Henri Tudor Public Research Center, Kirchberg, L-1855, Luxembourg.
Pattern Recognit Lett. 2015 Jun 1;58:23-28. doi: 10.1016/j.patrec.2015.02.001.
For training supervised classifiers to recognize different patterns, large data collections with accurate labels are necessary. In this paper, we propose a generic, semi-automatic labeling technique for large handwritten character collections. In order to speed up the creation of a large scale ground truth, the method combines unsupervised clustering and minimal expert knowledge. To exploit the potential discriminant complementarities across features, each character is projected into five different feature spaces. After clustering the images in each feature space, the human expert labels the cluster centers. Each data point inherits the label of its cluster's center. A majority (or unanimity) vote decides the label of each character image. The amount of human involvement (labeling) is strictly controlled by the number of clusters - produced by the chosen clustering approach. To test the efficiency of the proposed approach, we have compared, and evaluated three state-of-the art clustering methods (k-means, self-organizing maps, and growing neural gas) on the MNIST digit data set, and a Lampung Indonesian character data set, respectively. Considering a k-nn classifier, we show that labeling manually only 1.3% (MNIST), and 3.2% (Lampung) of the training data, provides the same range of performance than a completely labeled data set would.

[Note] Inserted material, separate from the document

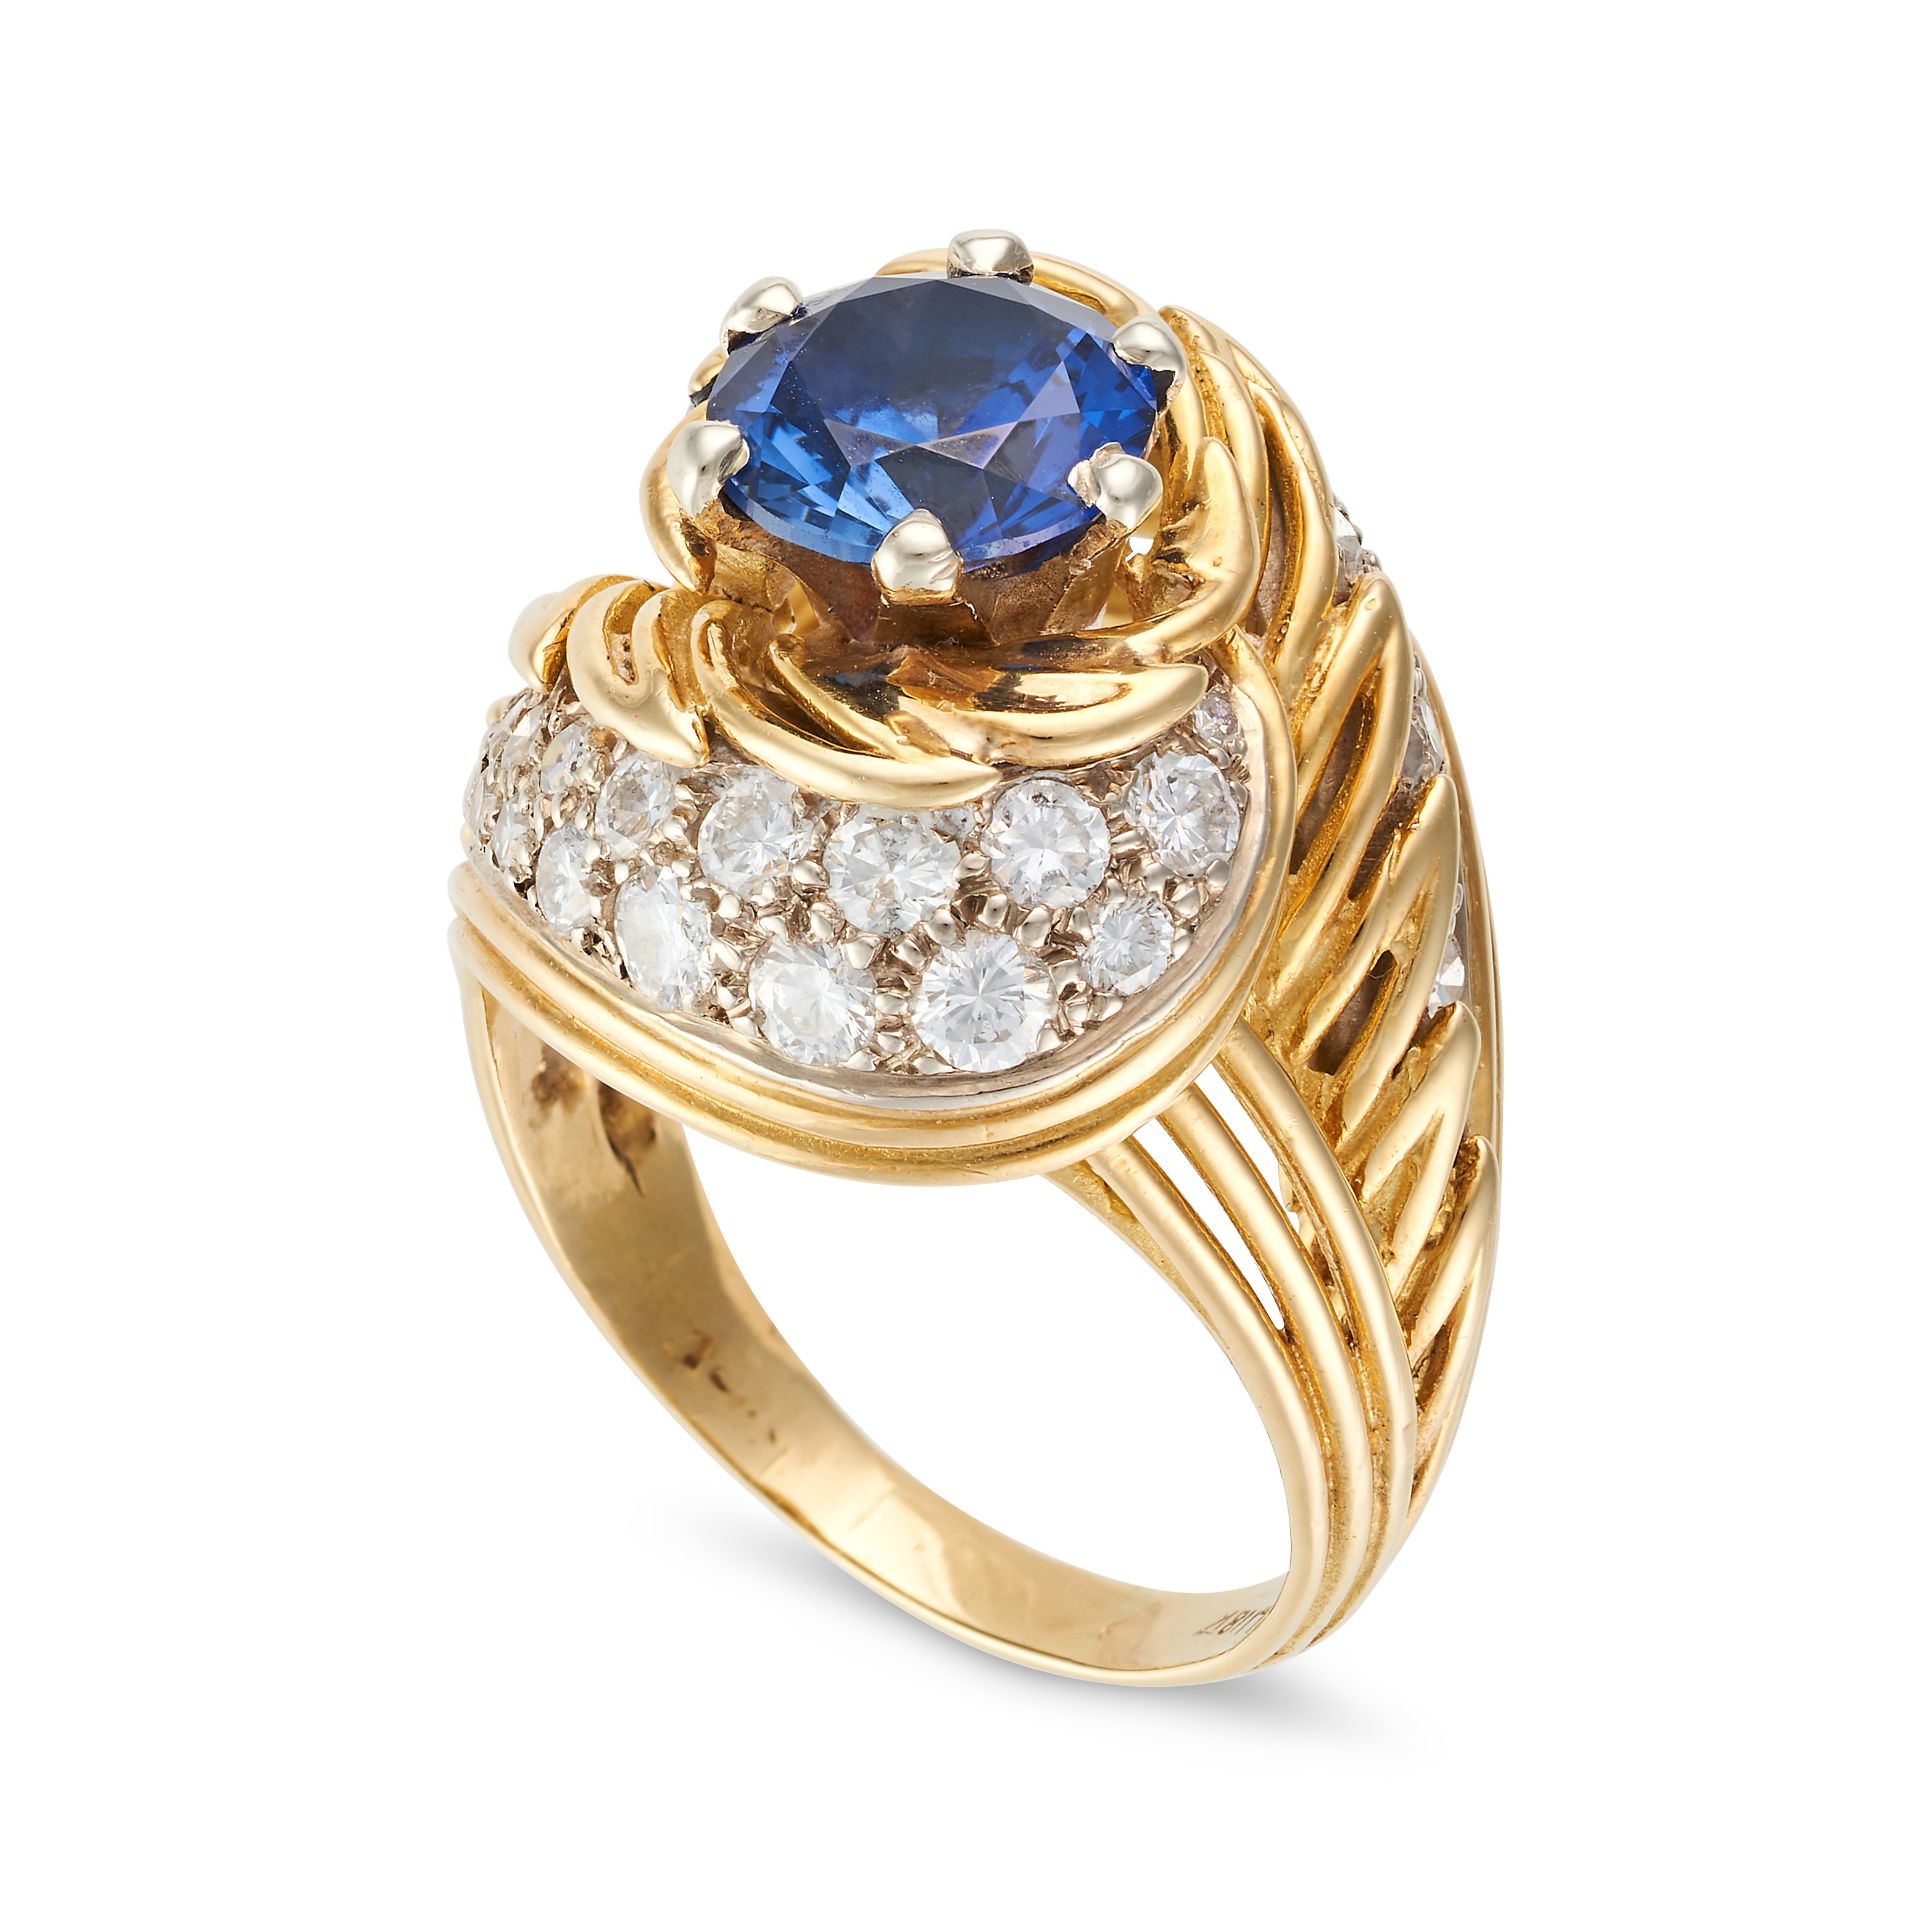 A SAPPHIRE AND DIAMOND DRESS RING set with a round cut sapphire of approximately 1.89 carats, acc... - Image 2 of 2

为了训练监督分类器以识别不同模式,需要有带准确标签的大数据集。在本文中,我们针对大型手写字符集提出了一种通用的半自动标注技术。为了加快大规模真实标注的创建,该方法将无监督聚类和最少的专家知识相结合。为了利用不同特征间潜在的判别互补性,每个字符被投影到五个不同的特征空间。在对每个特征空间中的图像进行聚类后,人类专家为聚类中心标注标签。每个数据点继承其所在聚类中心的标签。通过多数(或一致)投票来确定每个字符图像的标签。人工参与(标注)的量由所选聚类方法产生的聚类数量严格控制。为了测试所提方法的效率,我们分别在MNIST数字数据集和印尼楠榜语字符数据集上比较并评估了三种最先进的聚类方法(k均值、自组织映射和生长神经气体)。考虑一个k近邻分类器,我们表明仅对手动标注1.3%(MNIST)和3.2%(楠榜语)的训练数据,就能提供与完全标注的数据集相同的性能范围。